We stay on the road until Ráckeve where we have to re-cross the river back to the east bank. While M is filming the clock tower a man walking past tries to tell him that we can go to the top and look out over the area, a woman walking the other way who can speak English stops to translate, everyone we meet is so friendly and helpful (not including the thieving bastard from the hotel in Budapest of course).
We find a café in the middle of the town’s one way system and stop for a coffee. It is a little oasis in the middle of traffic chaos! The only problem is they serve a form of instant coffee that they all seem to like here, except it is disgusting.
The afternoon is an even split between road and bad track, although it is better than the tracks this morning, but that does not mean they were good either. The roads are not much better, full of potholes and the edges are crumbling away making it very difficult to cycle anywhere except the middle of the road.

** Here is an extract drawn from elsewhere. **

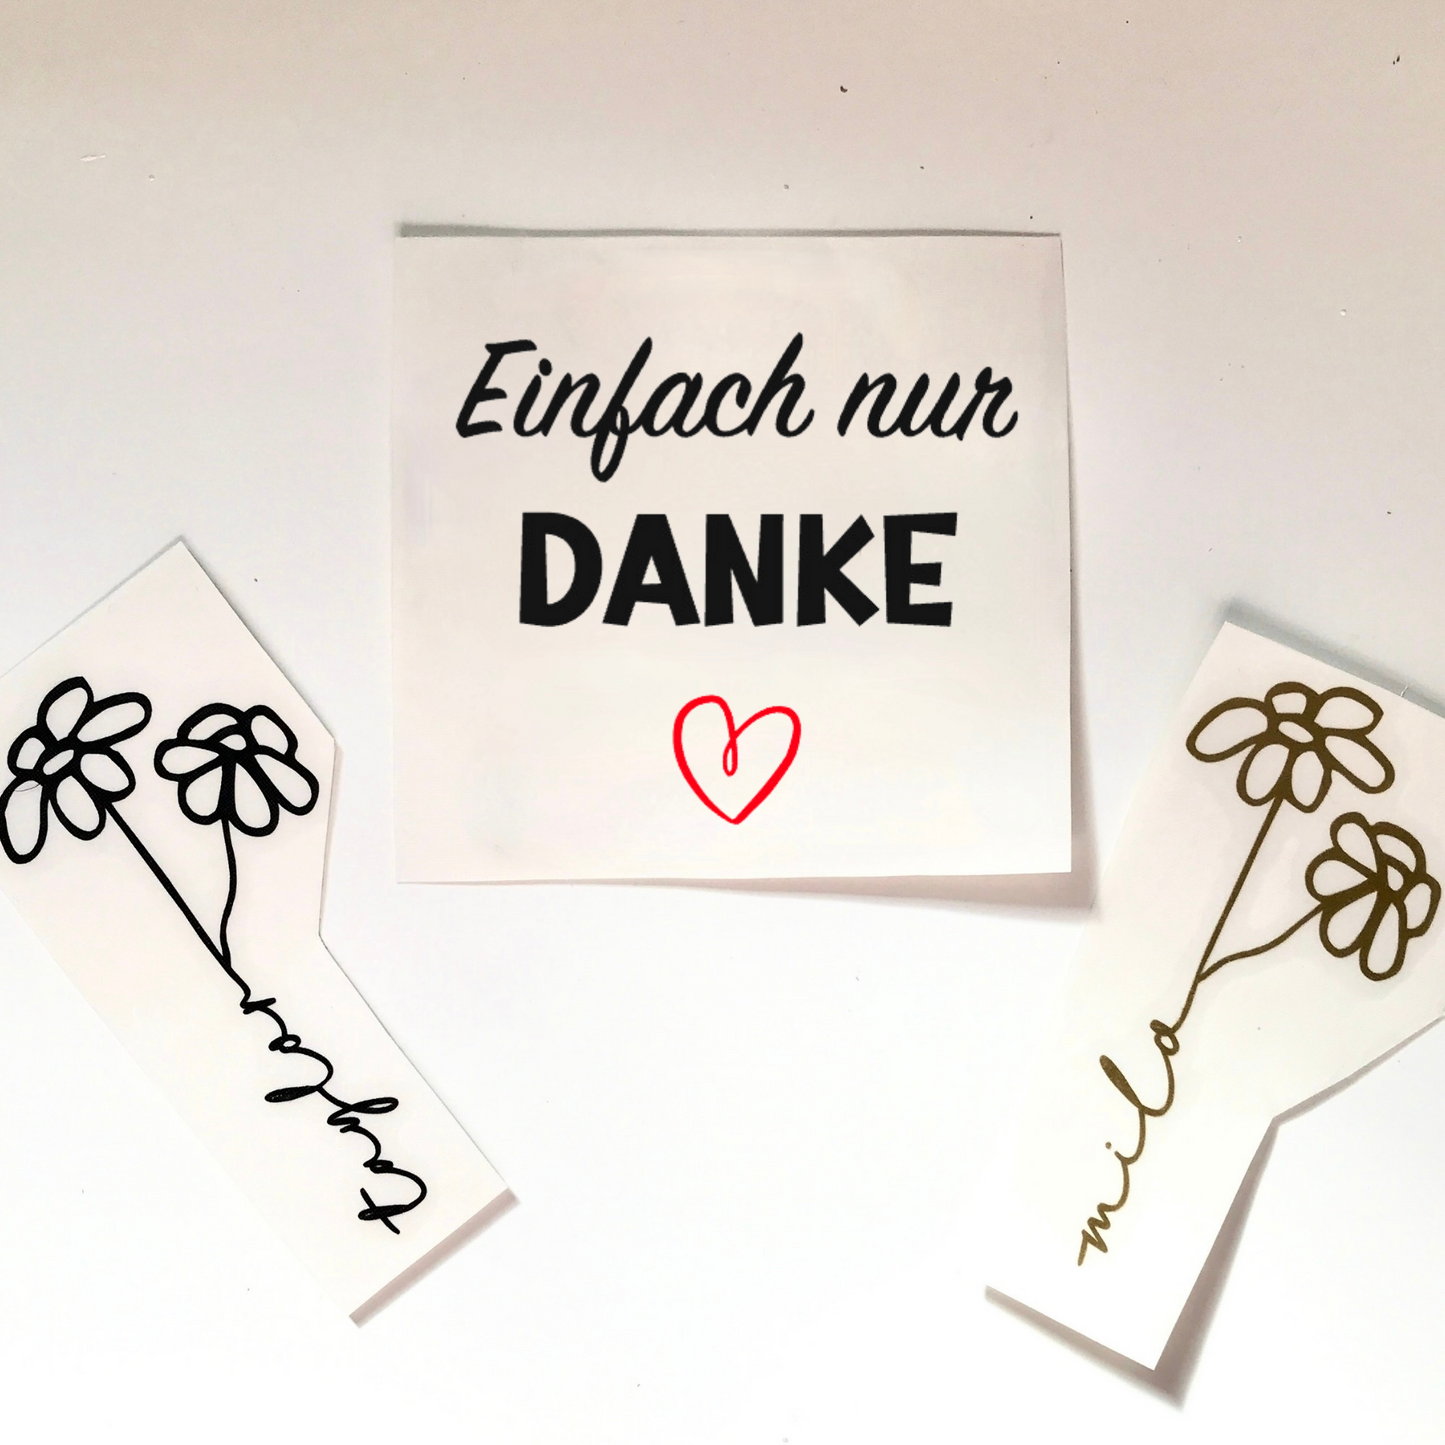 Aufkleber zum Danke sagen - DIY Aufkleber - DIY Geschenkidee - Sticker zum Bedanken - personalisiert
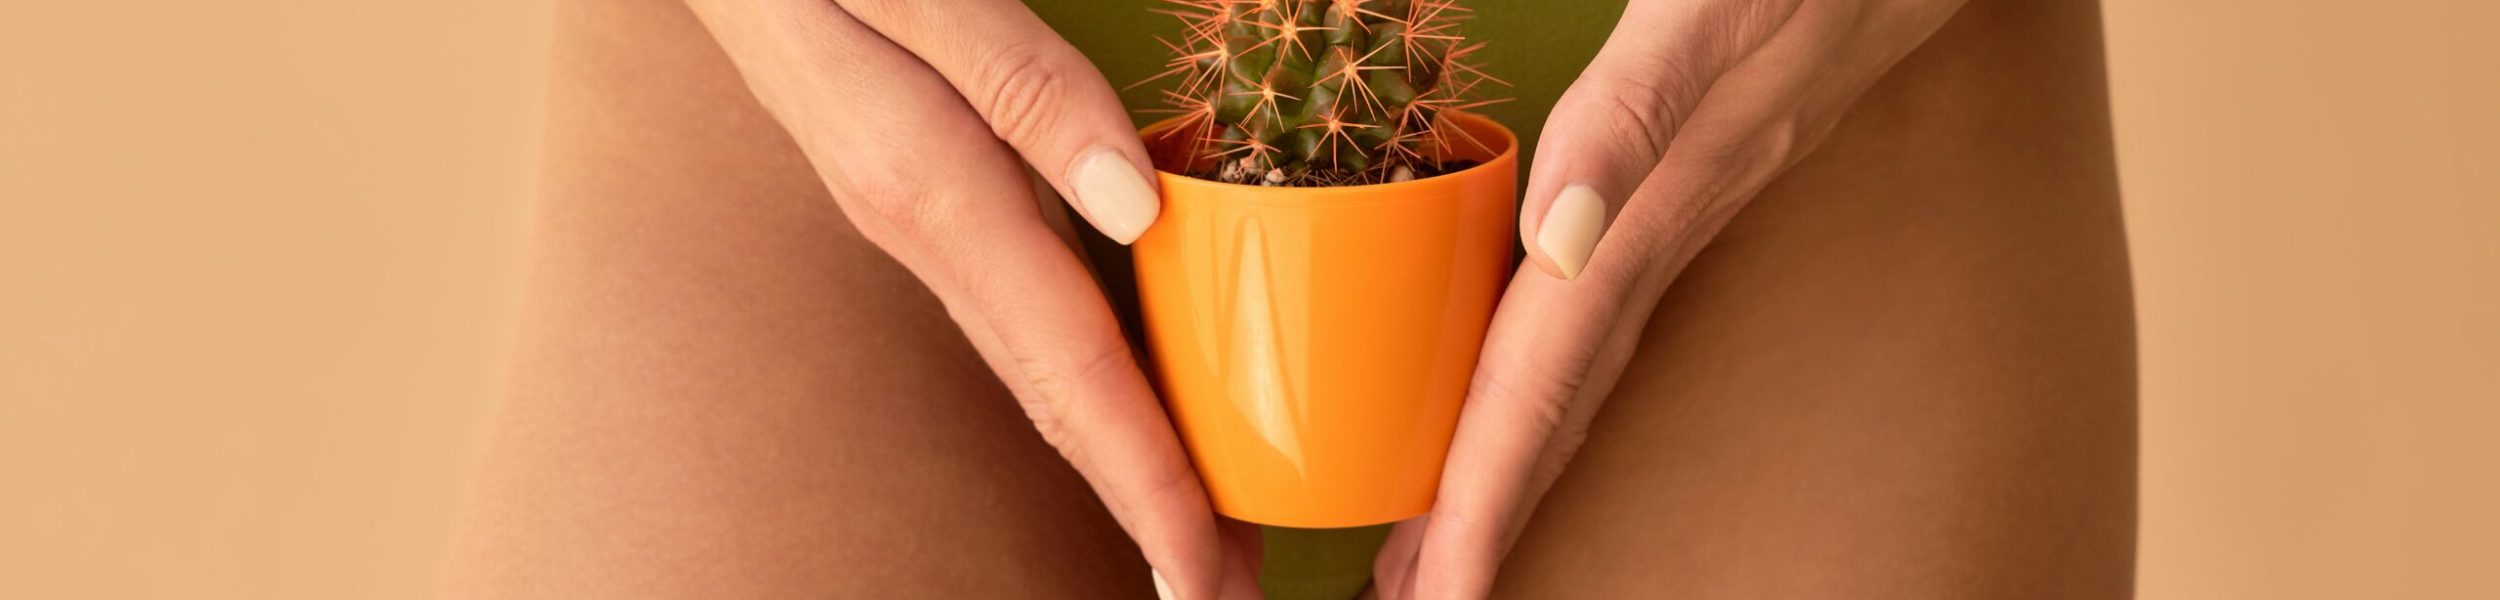 bannière article femme cachant maillot intégral avec un cactus

We decide at about 5pm to start looking for a place to spend the night and turn into Dunavecse following a Motel sign painted in the road and looking for a room advertised in the guide. As it turns out they are both the same place. When we arrived it was closed but there was a phone number to ring and the owner arrived a few minutes later. The price was 5000 Forins or 20€ for both of us for a room with bathroom, can you believe it? It is almost the same price for a camp site. But when we see the room it all makes sense, it is not the cleanest place in the world but the room was ok and the beds not too bad if you don’t put your nose too close to the mattress.
The owner asks if we have a lock for the bikes and they should be OK outside but as soon as he is gone they come upstairs with us and spend the night in the corridor. We are the only people staying here and the owner lives a short distance away so we have the whole building to ourselves.
Diner was across the road in the local hot spot, there is a restaurant upstairs and outside while the bar downstairs had a disco on and was full of kids. Amazingly the waiter spoke English well and they had a menu in English. We both ordered local dishes but they were not much to get excited over. But the time we had finished eating it was late and we were pooped so we called it a night.